3) Mic technique. Beware of the mic technique. This is a very, very common cause of feedback. A few years ago, while at University, I was covering a gig as part of an assignment. A small performers college in London was teaching their students about touring as an artist and put together a UK tour. One gig was at Band on the Wall where I was doing work experience and shadowing. One specific performer, a rapper, when not rapping, put his arm down and pointed the mic directly at the on stage monitor. Like, maybe a foot apart but directly in there. This, as we've figured, caused feedback constantly. There were 4 sound engineer students, the in-house sound engineer and our live engineer tutor all at the back of the room behind the desk flailing our arms around like we were signalling down a passing ship on a desert island. Signalling 'NOOOOO STOOOOOOOOP', but he didn't listen and we caught HELL until we all went mad and told them why it was their fault.
Another mic technique problem comes with how you hold the mic. Now, bare with me while we get pretty technical.
Chances are, if you are performing or speaking, you will have an SM58 or another mic exactly like that.
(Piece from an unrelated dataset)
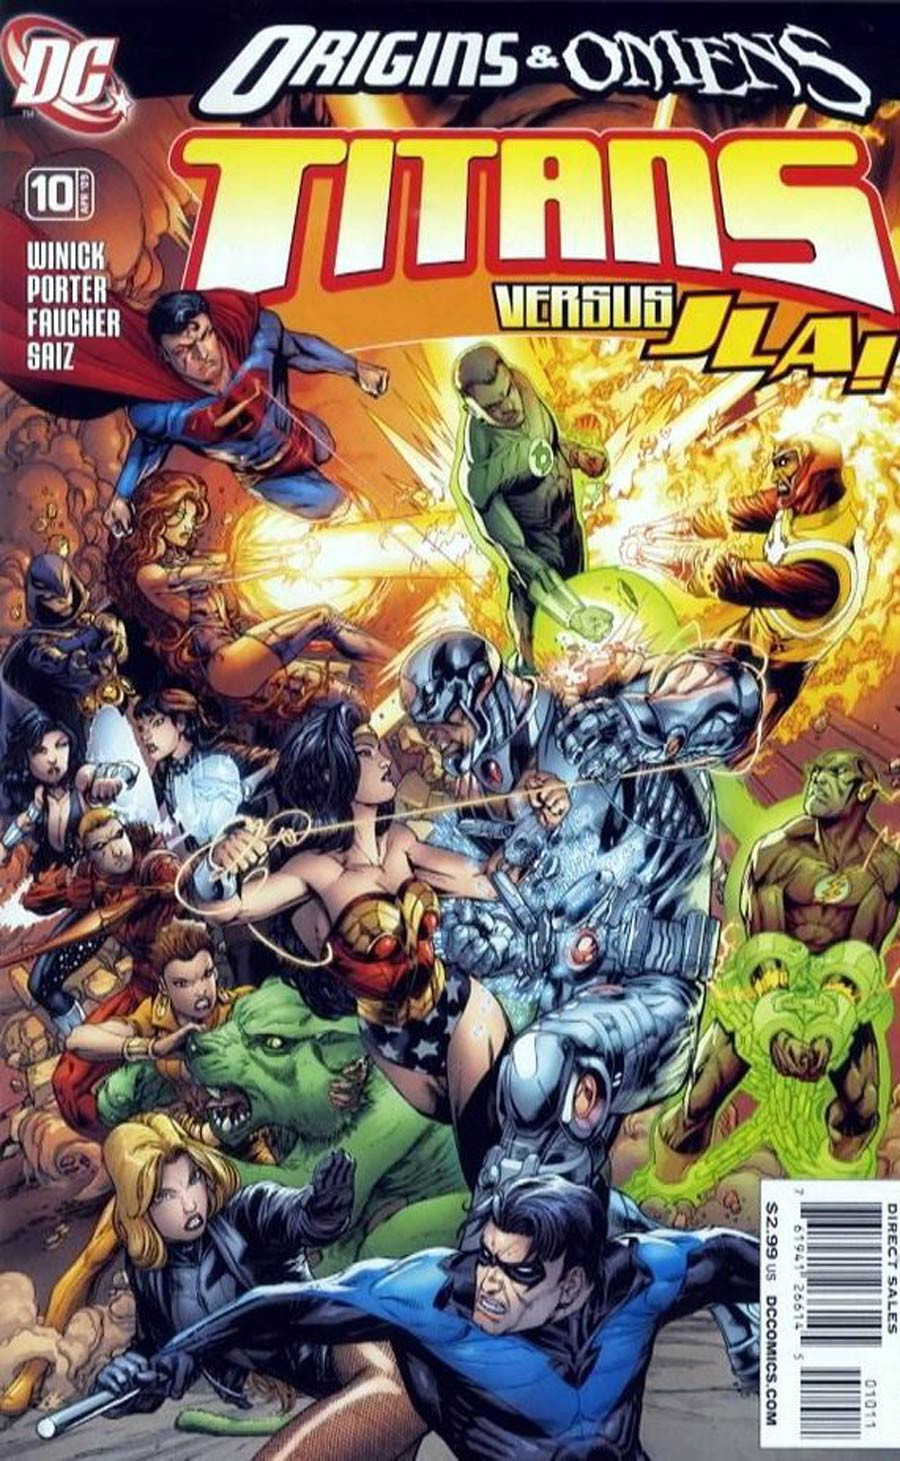 Titans Vol 2 #10 (Origins & Omens Tie-In)
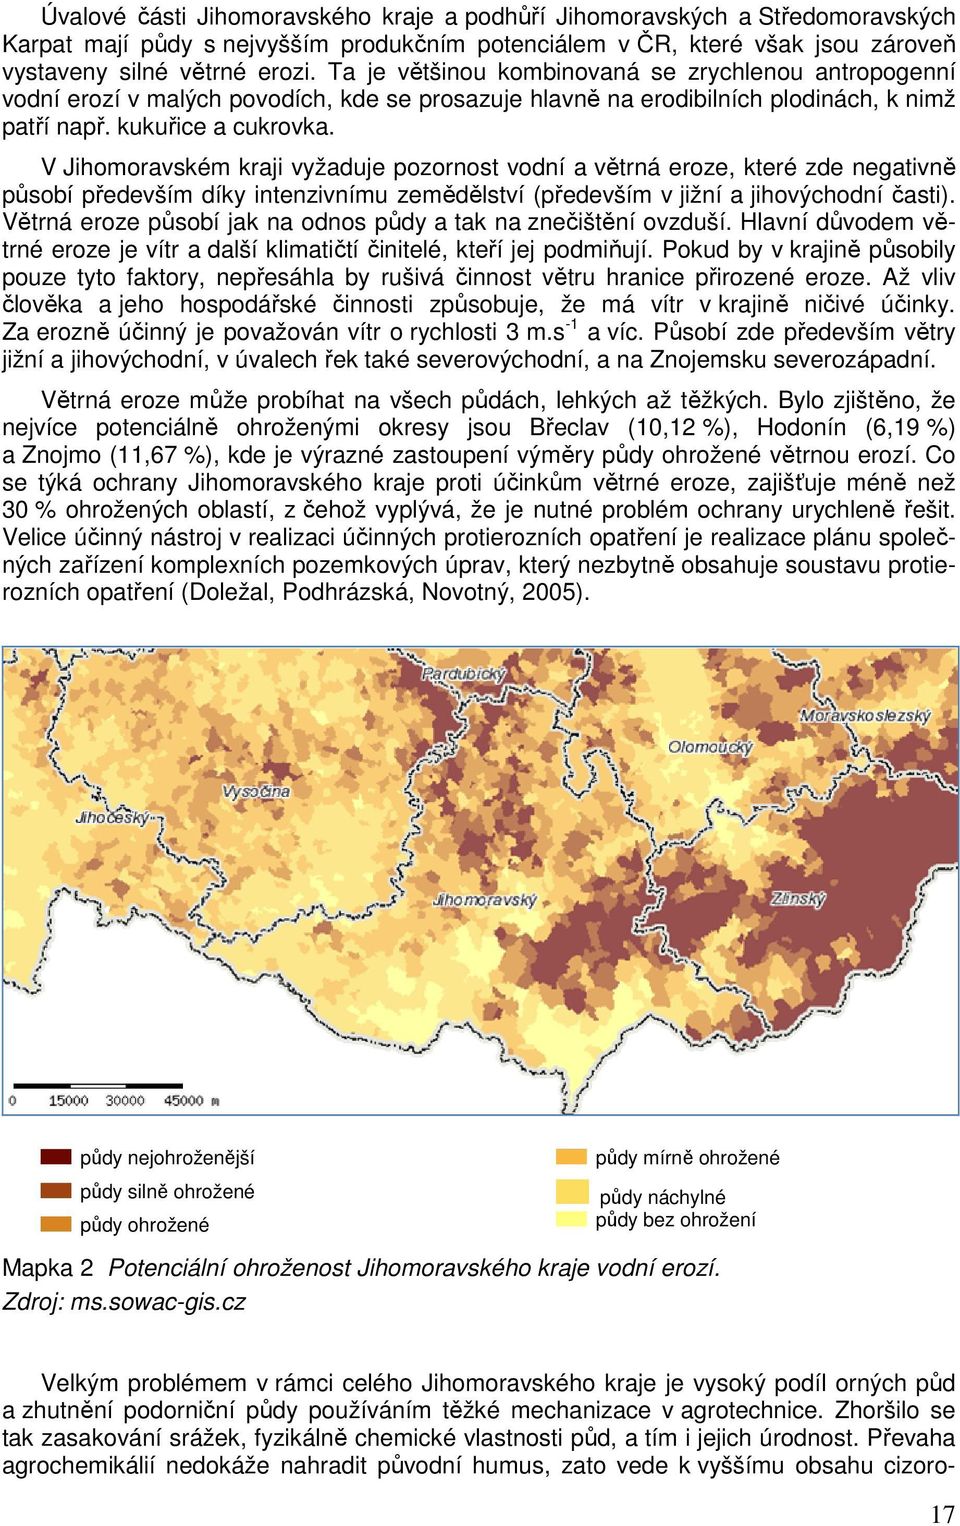 V Jihomoravském kraji vyžaduje pozornost vodní a větrná eroze, které zde negativně působí především díky intenzivnímu zemědělství (především v jižní a jihovýchodní časti).

Otherwise know to some as a 'Lollipop mic' for its lollipop shape. These mics have a 'polar patterns' which explains a microphones ability to pick up sounds coming from different angles. We will look at 2
Your microphone comes naturally with a 'Cardioid' polar pattern, given the name because of the pickups resemblance to a heart.
As you can see in image above the microphone primarily picks up what's in front of the mic, but will pick up a little bit from behind and to the side. Note that the pattern starts at the silver line going across the head.
The handle of the mic is not just there to protect the parts inside, it's there for you to hold. It's very important that you hold the mic there and not half on the head, but too many people hold the mic covering the bottom half of the head.
When the bottom half of the microphone head is covered, it confuses the diaphragm and this turns the mic from a 'Cardioid' pattern to an 'omnidirectional' (omni for short) polar patter. Omnidirectional means all directions.
As you can see in the image above, the mic picks up on the sides and behind, equal to what it was picking up from the front. So should the microphone be close enough in any direction to a speaker, it will pick up whatever's coming from the speaker. Once the energy comes from the speaker, back into the mic, the feedback starts.
Feedback is a simple issue with simple solutions, but more often than not, our natural instincts to move in particular ways, or hold the mic a certain way, will cause feedback to occur. If you are speaking, or performing, you need to be aware of what you can do to minimise the risks. Some venues and spaces are more prone due to the layout and limitations but it's pretty much avoidable.